# Measuring wire gauge



## Roger123 (Sep 23, 2007)

What tool(s) do you guys use to measure wire gauge size when it is not printed on the conductor's jacket or the jacket is not visible?


----------



## Speedy Petey (Jan 10, 2007)

Here are some previous replies:

http://www.electriciantalk.com/showthread.php?t=1254


----------



## MDShunk (Jan 7, 2007)

They make a little set of plastic gauges that you can slip in if there's some exposed conductor to get them around. I got a set years ago, but they're not as helpful as you might think. The lugs smash the conductor into a bit of an oval. Here's one such gauge http://www.professionalequipment.co...107017/electrical-accessories/?hcs=wire gauge The actual old-school Brown and Sharpe wire gauges are metal.


----------



## Roger123 (Sep 23, 2007)

Thanks Marc,

What I'm looking for is something bigger for #4awg and larger.

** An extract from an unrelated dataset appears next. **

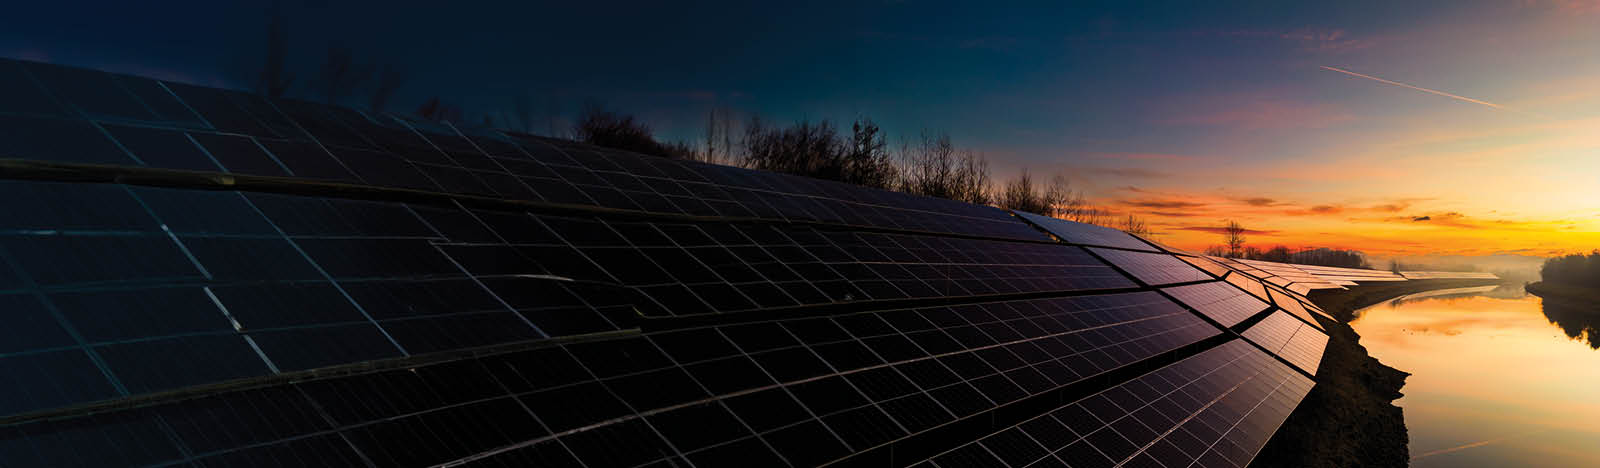 ESG CIB Solar-Sunset image set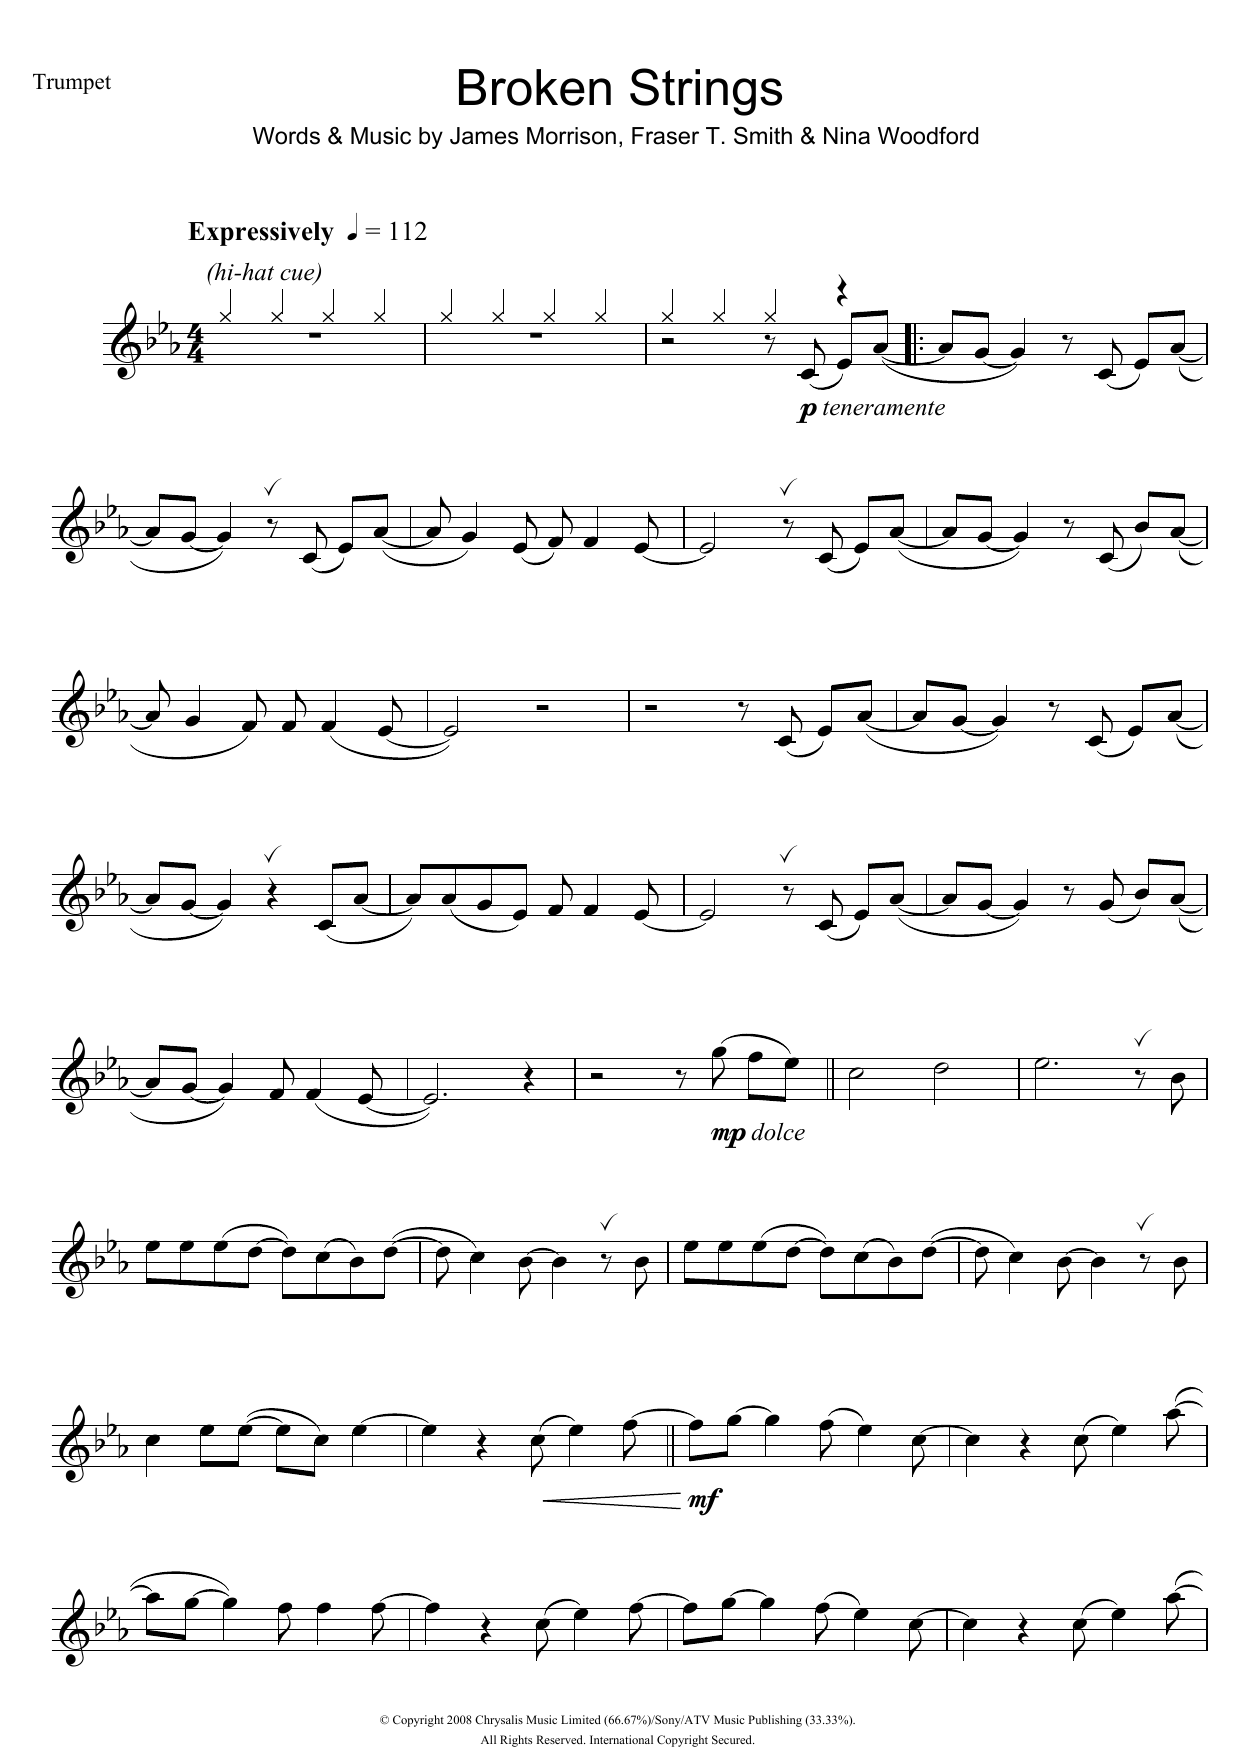 James Morrison Broken Strings Sheet Music Notes & Chords for Alto Saxophone - Download or Print PDF

Needed something on the last quote where feeders were suppling sub-panels from a meter base/disco panel and the outer jackets were not visible. Needed to know the wire gauge so I could calculate the feeders size to each unit. So, I took my tape measure and just measured the diameter and went to home depot around the corner and came up with #2 conductors. Guess, that is not the best way to determine wire size.:no:


----------



## MDShunk (Jan 7, 2007)

I see plastic calipers at these traveling tent tool sales places a lot for all of two or three dollars. I think you could measure the conductor with one of those plastic calipers, and match it up with the chart of conductor diameters.


----------



## Speedy Petey (Jan 10, 2007)

General and others make a plastic dial calipers. I agree that would be your best bet at an accurate sizing. Then just use the Conductor Properties in Table 8 of Chapter 9 of the NEC.


----------



## Roger123 (Sep 23, 2007)

Thanks Marc & Petey,

That is what I will do.


----------